Following Carol Bartz's email, announcing 650 layoffs at Yahoo (just days before the holidays), Thomas Hawk, an enthusiastic Flickr user - one of the, if not most, successful photos-sharing site in the world - has written an open letter to Carol Bartz airing his frustration towards the Yahoo CEO. He charges Bartz of neglect towards Flickr, one of the "most important and significant cultural treasures of our lifetime" and expresses dismay at Yahoo's current strategy of buttoning down the hatches to focus on the 'strengths' such as email, the homepage, search, mobile, advertising and content. In assessing her performance as a CEO over the last two years Hawk categorically gives Carol Bartz a 'fail grade', where she personally gave herself a 'B-' and a 'pass'.
And it seems not to be without due cause. Astonishingly, Carol Bartz does not have a Flickr account. Is that not a bit like Ronald McDonald not eating hamburgers?
Hawk goes on to detail Bartz's lack of interest in Yahoo products and that she does not seem to realize what an asset Flickr is to the company:
"But you know what? You haven't taken the time to really explore the social side of Flickr. Hell, you don't even have an account yourself on Flickr. One of the most highly visible and trafficked Yahoo properties and you don't even have an account there. Would it be so hard to have your assistant set up an account for you and post some photos of some mountains from a family vacation two years ago?
I listened in on your first analysts conference call. On the call you mentioned that your daughter was using Facebook to share photos. There was an opportunity right there for you to plug your own photo sharing site. Flickr needs you. They need you to be a cheerleader for the site. It would be good for morale to hear you mention the site once in a while. It also seems like a no brainer from a PR perspective. I know if I were CEO at Yahoo I sure as hell would have a Flickr account. In fact I'd set up accounts really on all of the services that I was commander and chief of and I'd actually use them from time to time to build a familiarity with what works and what doesn't."
We're inclined to agree. Flickr is one of the most used sources of photos on the web, and a cornerstone for the blogging community - sharing photos on Flickr and allowing them to be used elsewhere is so ingrained in web culture that "photo-credits" have become a means of building links and creating relationships between blogs, websites and social networks. Flickr users tend to be extremely innovative and creative in what they can do with a simple photo-sharing system - often using the groups facility to create photography games.
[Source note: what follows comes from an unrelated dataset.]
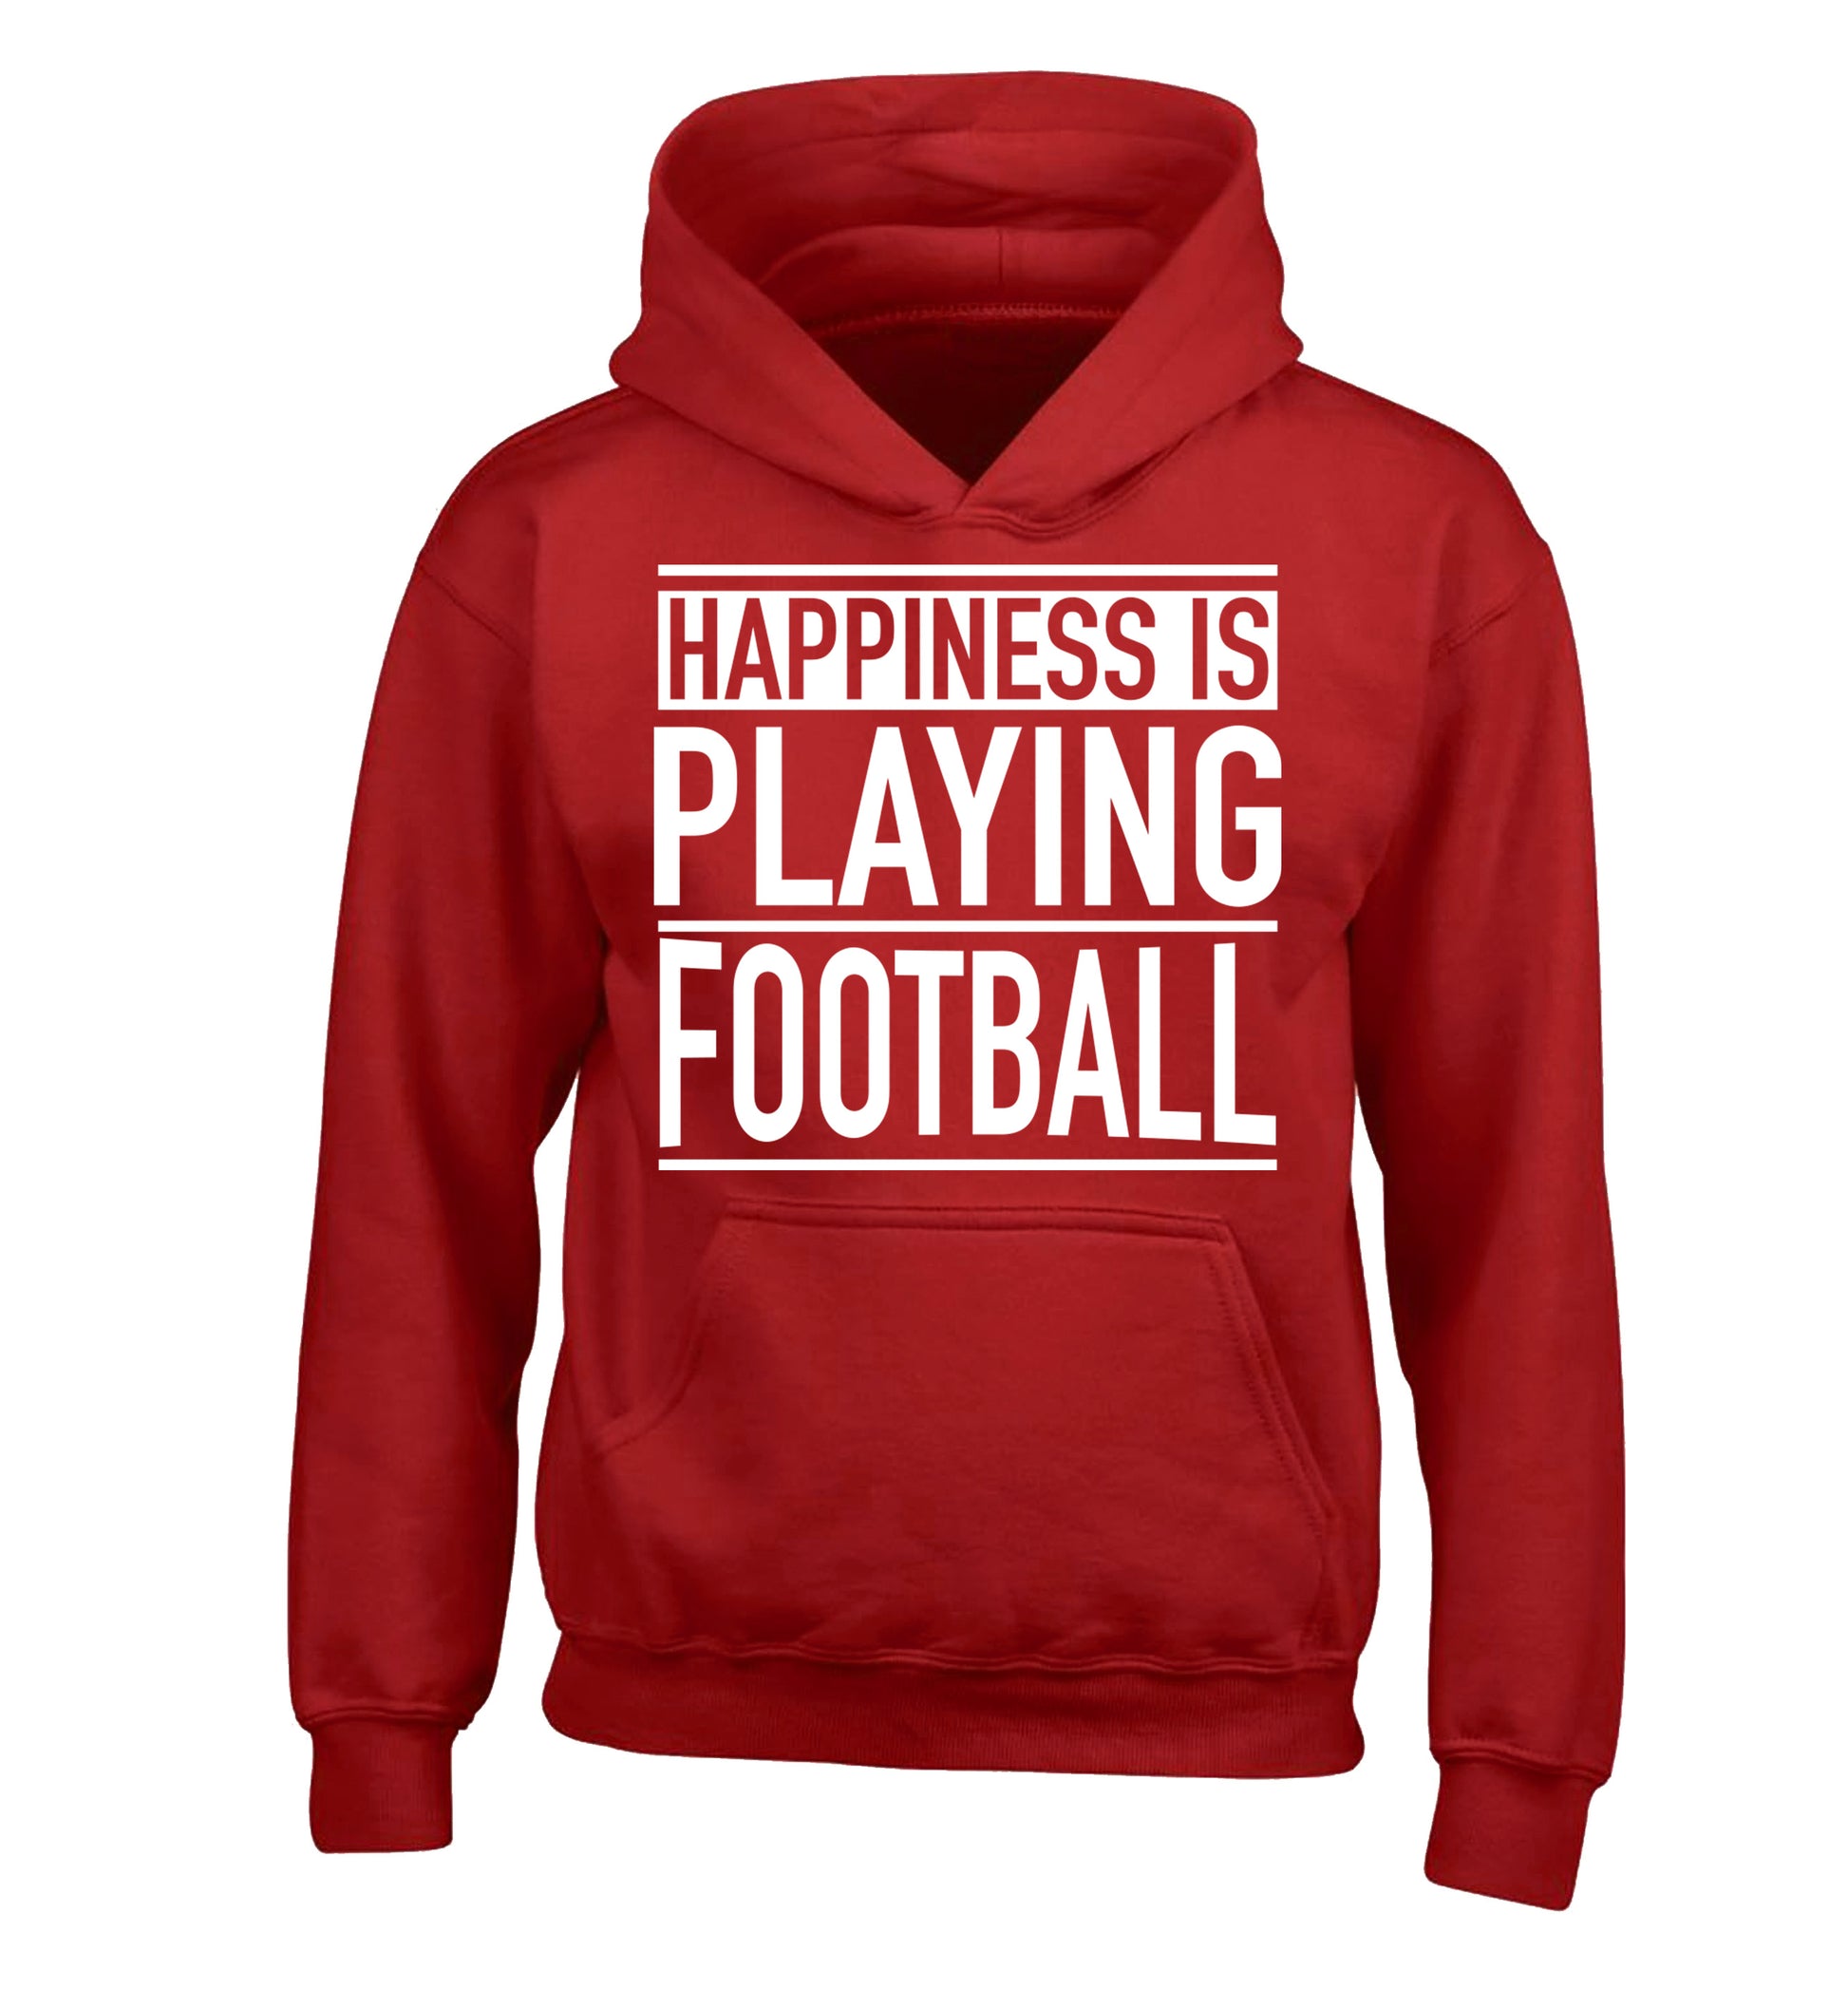 Happiness is playing football children's red hoodie 12-14 Years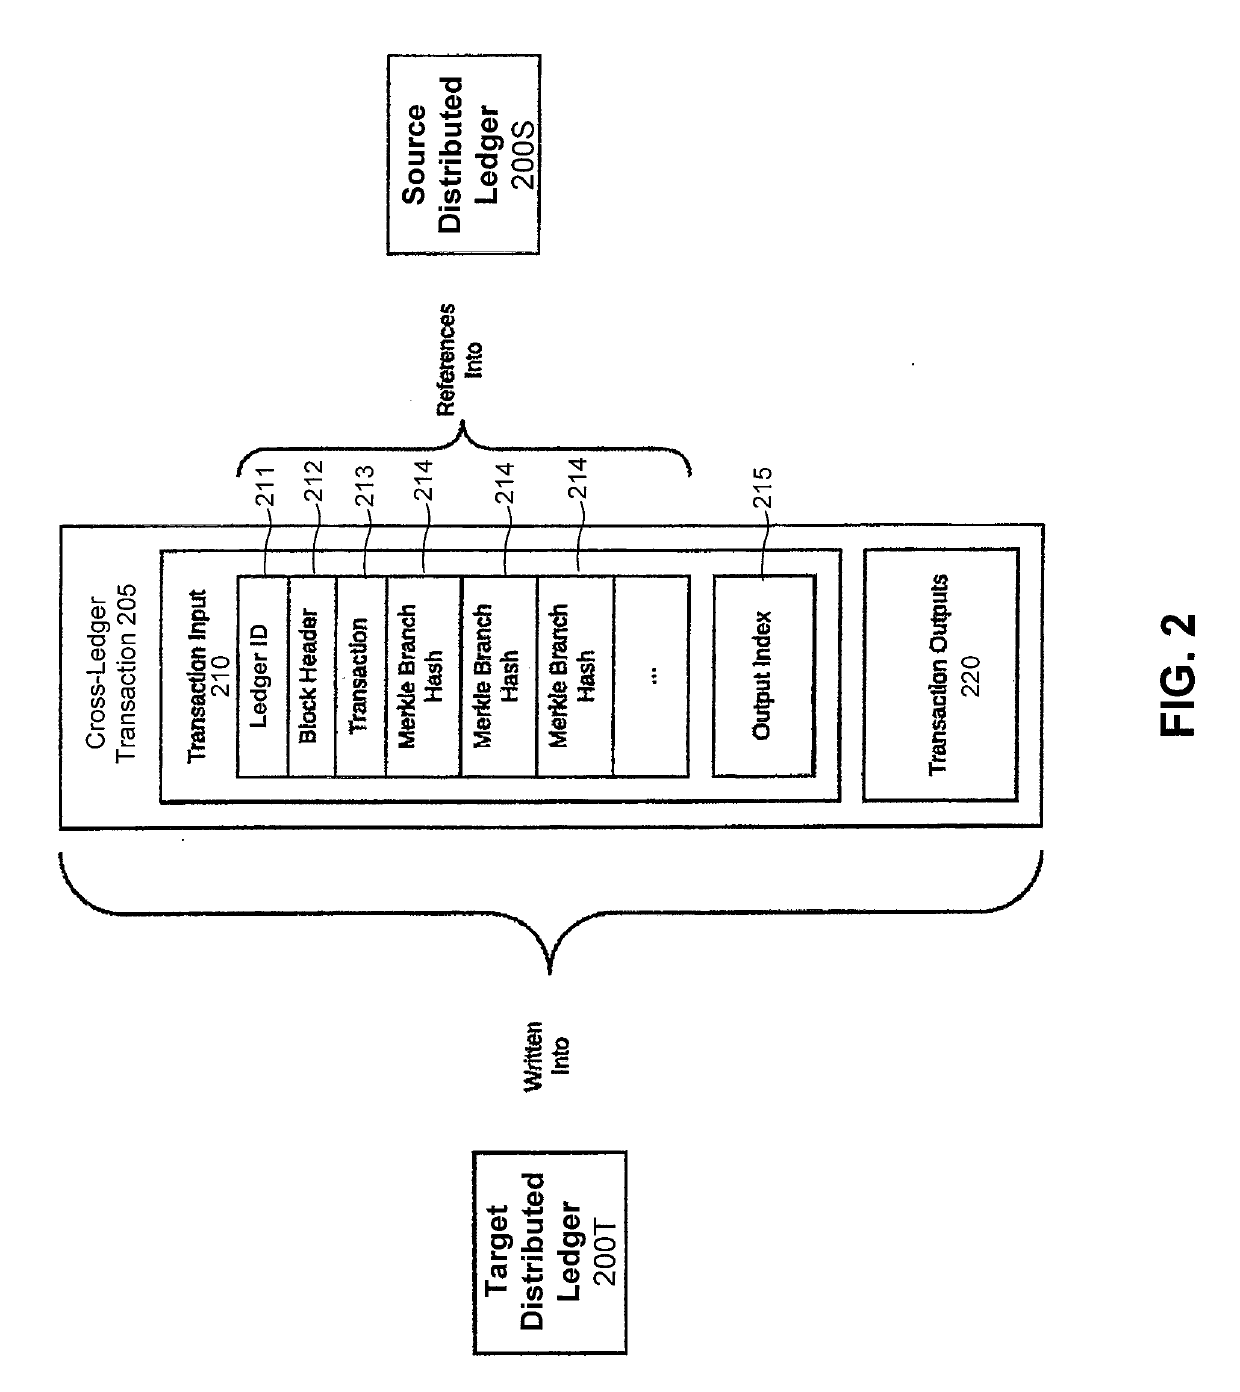 Systems of multiple distributed ledgers using cross-ledger transfers for highly-scalable transaction throughput

Furthermore, FlickR users deliberately use it instead of other photo-sharing sites because of it's clean design and feature set, and more importantly because of it's privacy settings and photo rights management controls. In fact, Facebook owns your photos (if you read the small print - even after you die), whereas Flickr empowers users to be content creators.
It has also been a source for breaking news and for eye-witness coverage of events that people want to continue following - for example, the Tsunami. The demand for such content is evidenced by the emergence of real-time photo search engines.
So I wholeheartedly concur with Hawk. If Yahoo really does want to stay relevant in the modern age, and be the digital content company that it seems to want to be, then Carol Bartz should pay attention to Flickr - as it is a pillar of the web and source of great content - and easily complements their digital publishing strategy.
Story amended: misquoted Thomas Hawk as a Flickr/Yahoo employee but in fact he is simply a power user of Yahoo products.